Search code examples
batch-fileautomationmarkup

Remove HTML MarkUp


I am automating a marking procedure for a python class. However, when I download the submissions online they include the html markup which the students may have inadvertently submitted their solutions in such as:

<!DOCTYPE html><html><head><meta charset="UTF-8"></head><body><p><span style="font-family:'courier new', courier, monospace;">print("Bob and Bill Tiling Solutions Inc.")</span></p>
<p><span style="font-family:'courier new', courier, monospace;">h=int(input("Height   (m):"))</span></p>
<p><span style="font-family:'courier new', courier, monospace;">w=int(input("Width    (m):"))</span></p>
<p><span style="font-family:'courier new', courier, monospace;">p=int(input("Cost ($/m^2):"))</span></p>
<p><span style="font-family:'courier new', courier, monospace;">print("The total cost for this job: $" + str(h*w*p+20))</span></p>
<p> </p></body></html>

Is there any way I can remove the mark-up in batch so that all that is left is:

print("Bob and Bill Tiling Solutions Inc.")
h=int(input("Height   (m):"))
w=int(input("Width    (m):"))
p=int(input("Cost ($/m^2):"))
print("The total cost for this job: $" + str(h*w*p+20))
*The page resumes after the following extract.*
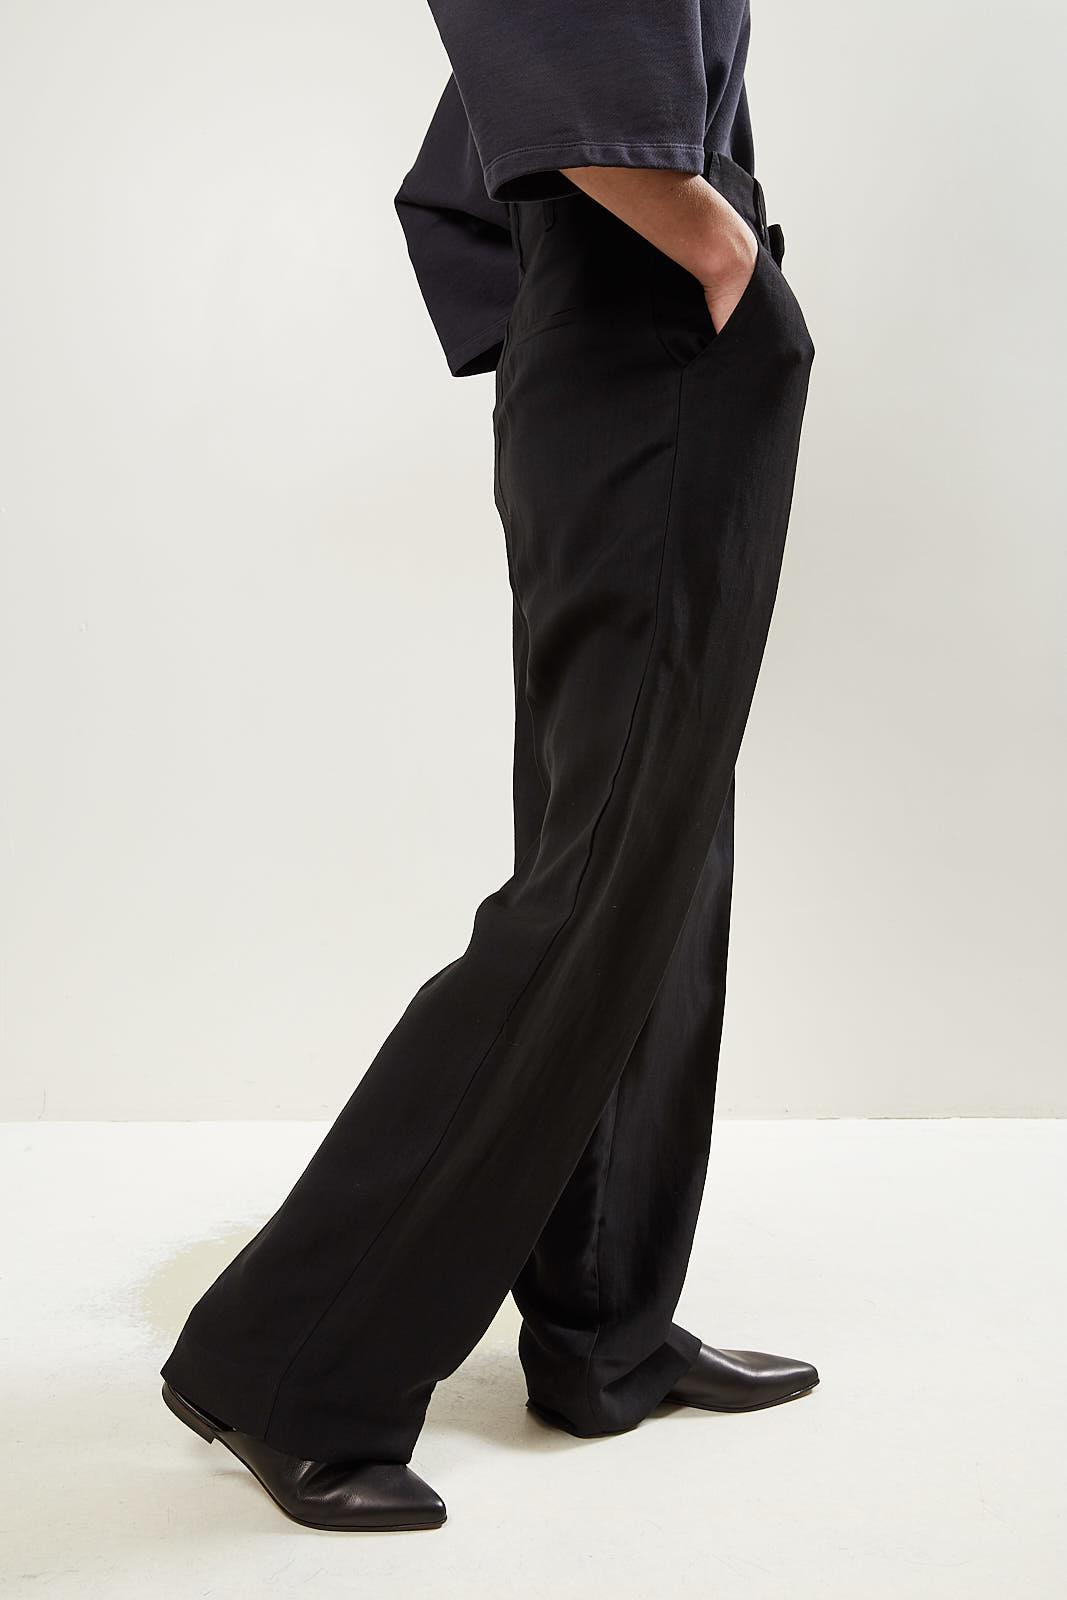 Humanoid Bebe blondie trouser

If there is a third-party utility that does this I would be happy to download it.

I have tried using regular expressions through findstr with no avail (My search string is "<[^>]*>" but I do not know how to use findstr to remove all results in the text file)

Any suggestions are welcome.


Solution

  • Here's a SED script (I use GNUSED) which I adapted from Eric Pement's SED One-liners:

    the sed line

    sed -f dehtml.sed yourfilename
    

    The file dehtml.sed

    :a
    s/<[^>]*>//g;/</N;//ba